Repeat the listing below exactly from the line with "Paris, Ile-de-France, France" through its last line. Skip every picture.

Data below

※ ※ ※

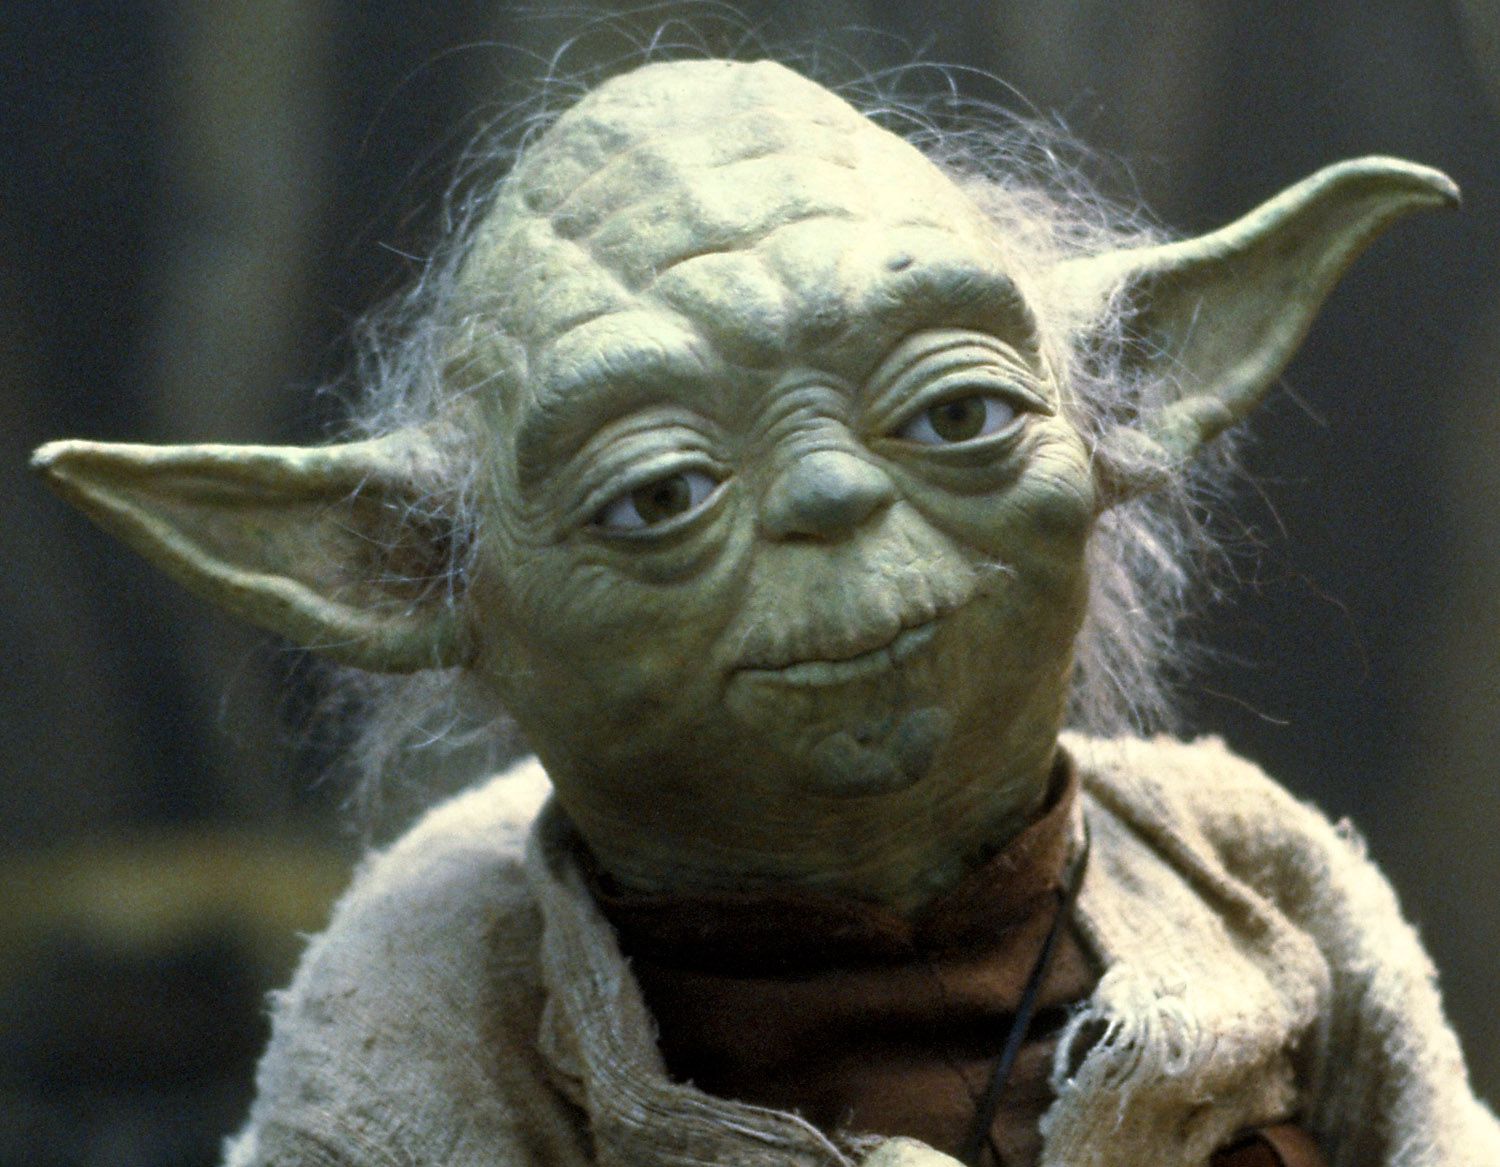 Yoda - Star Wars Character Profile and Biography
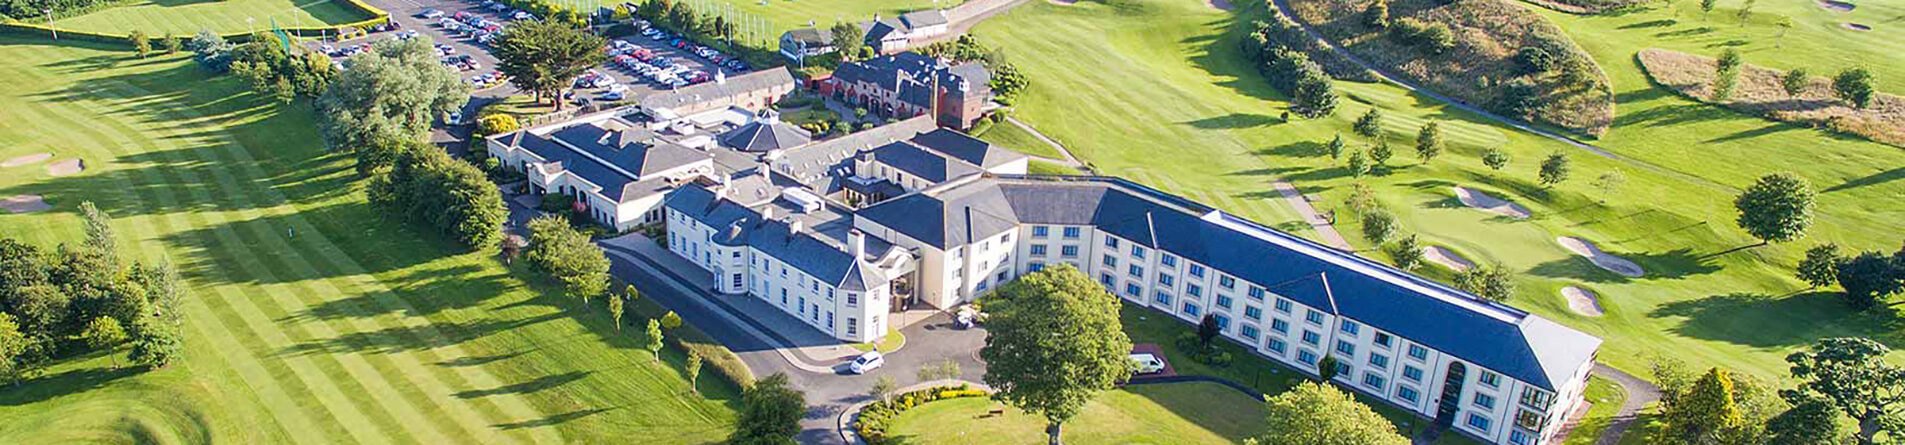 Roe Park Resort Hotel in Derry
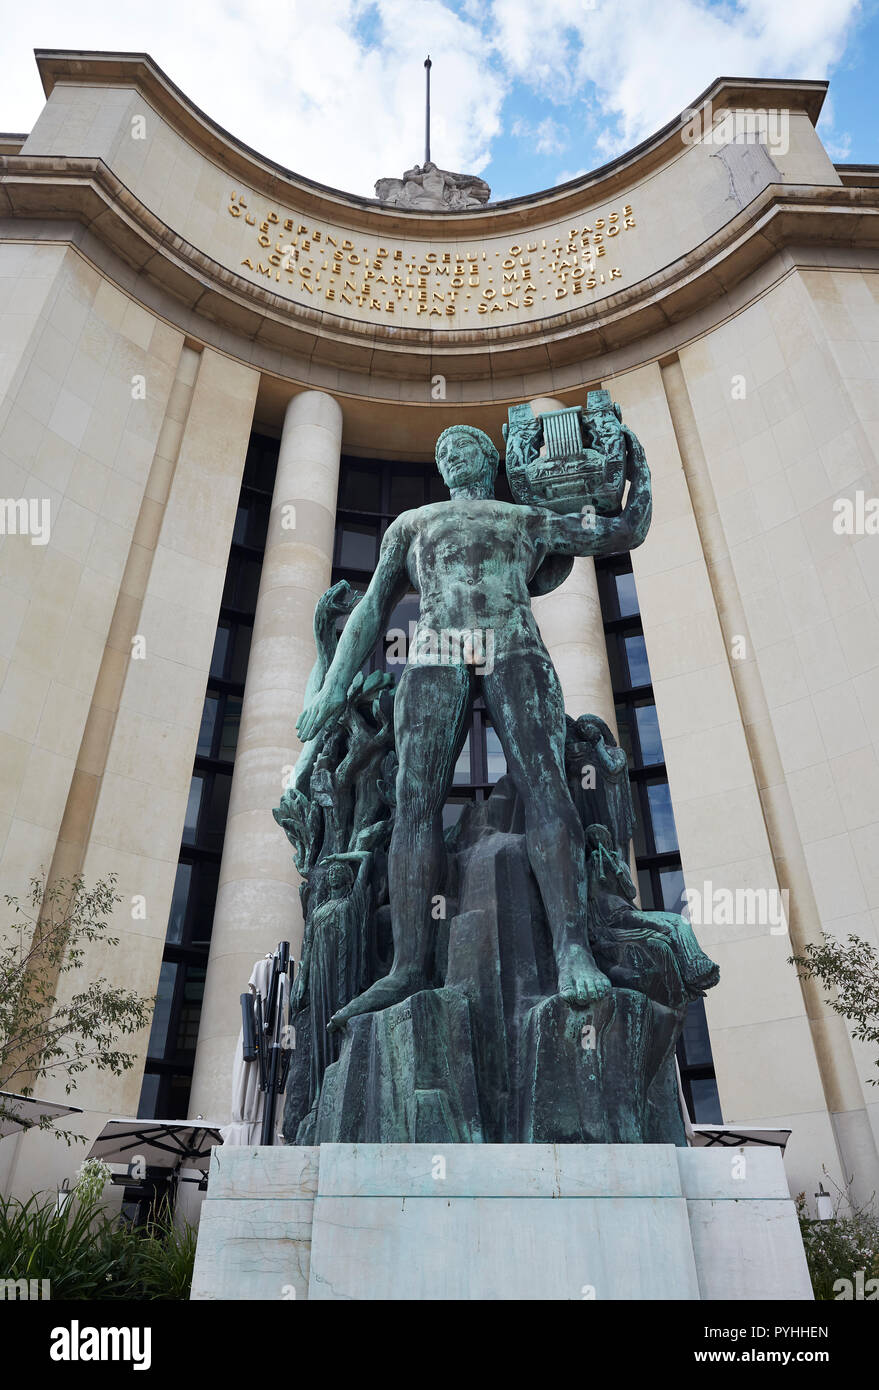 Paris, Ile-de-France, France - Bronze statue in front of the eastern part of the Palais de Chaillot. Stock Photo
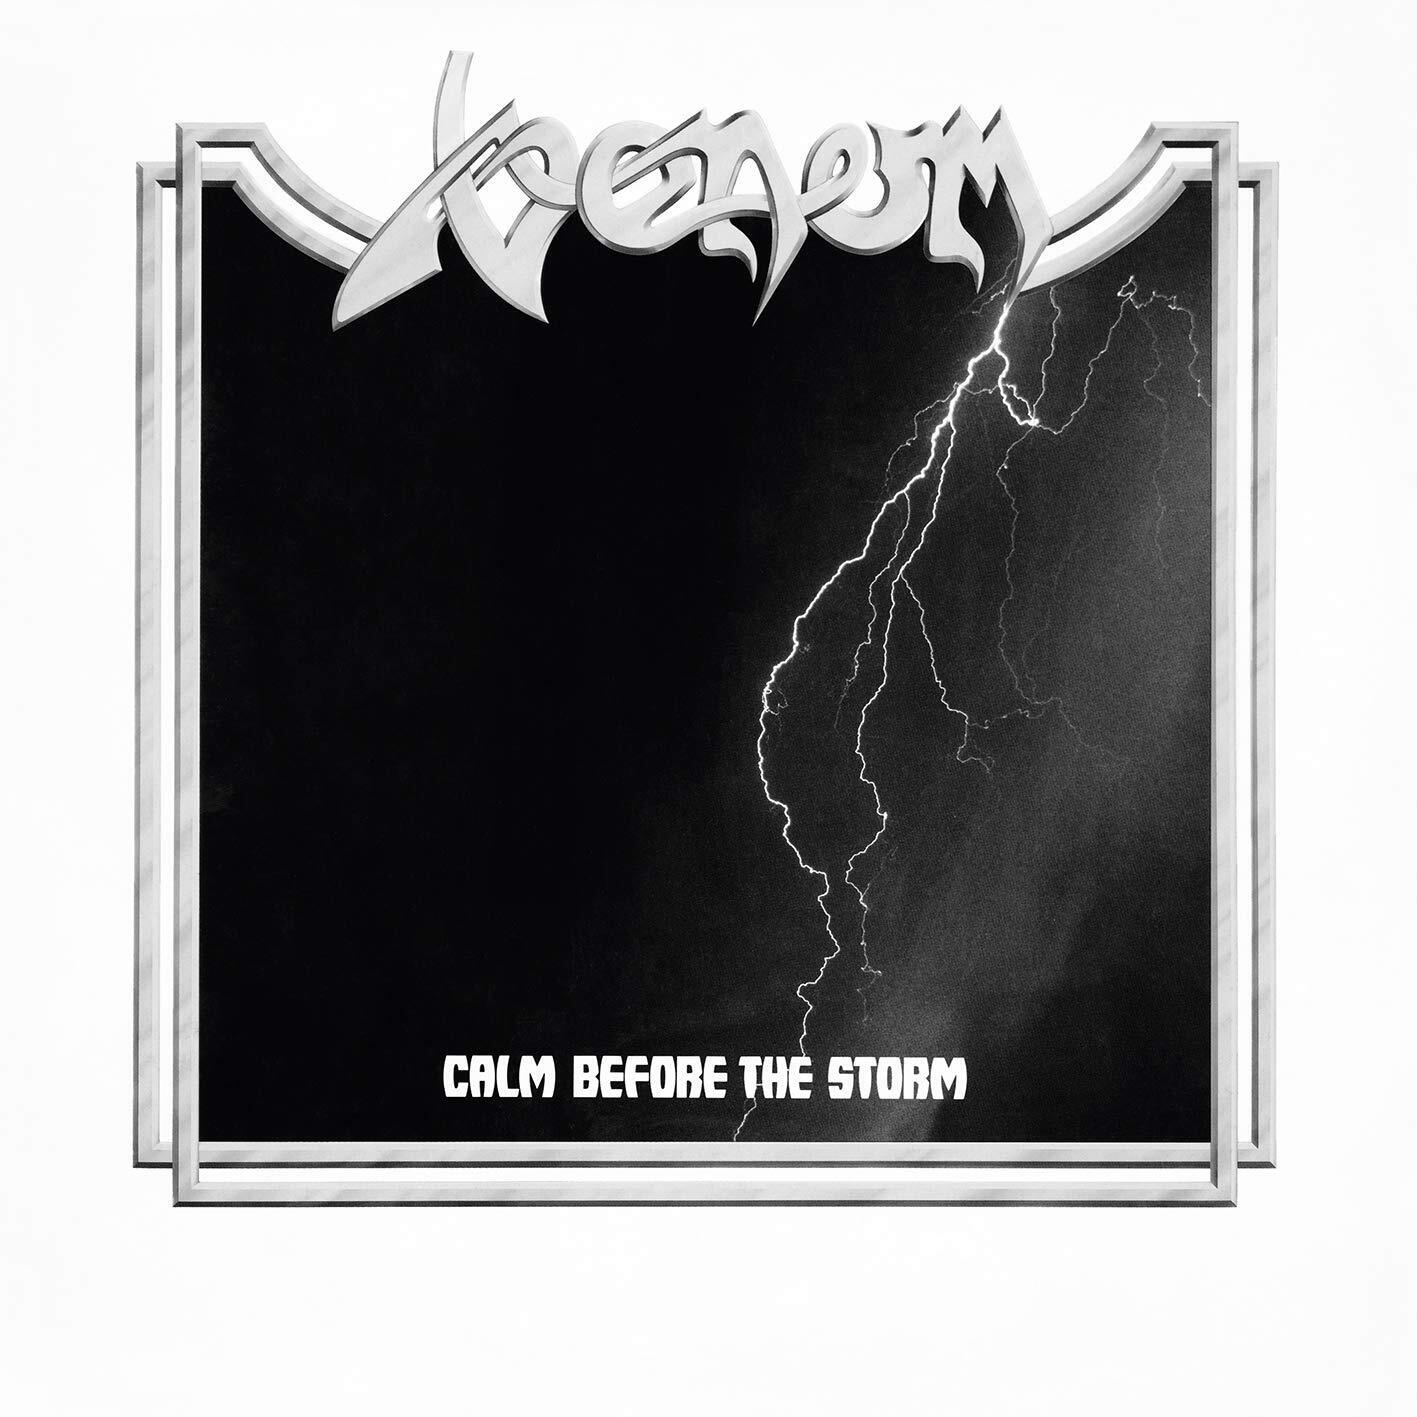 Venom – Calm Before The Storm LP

※ ※ ※

Written solution
 Paris, Ile-de-France, France - Bronze statue in front of the eastern part of the Palais de Chaillot. Stock Photo
 Venom – Calm Before The Storm LP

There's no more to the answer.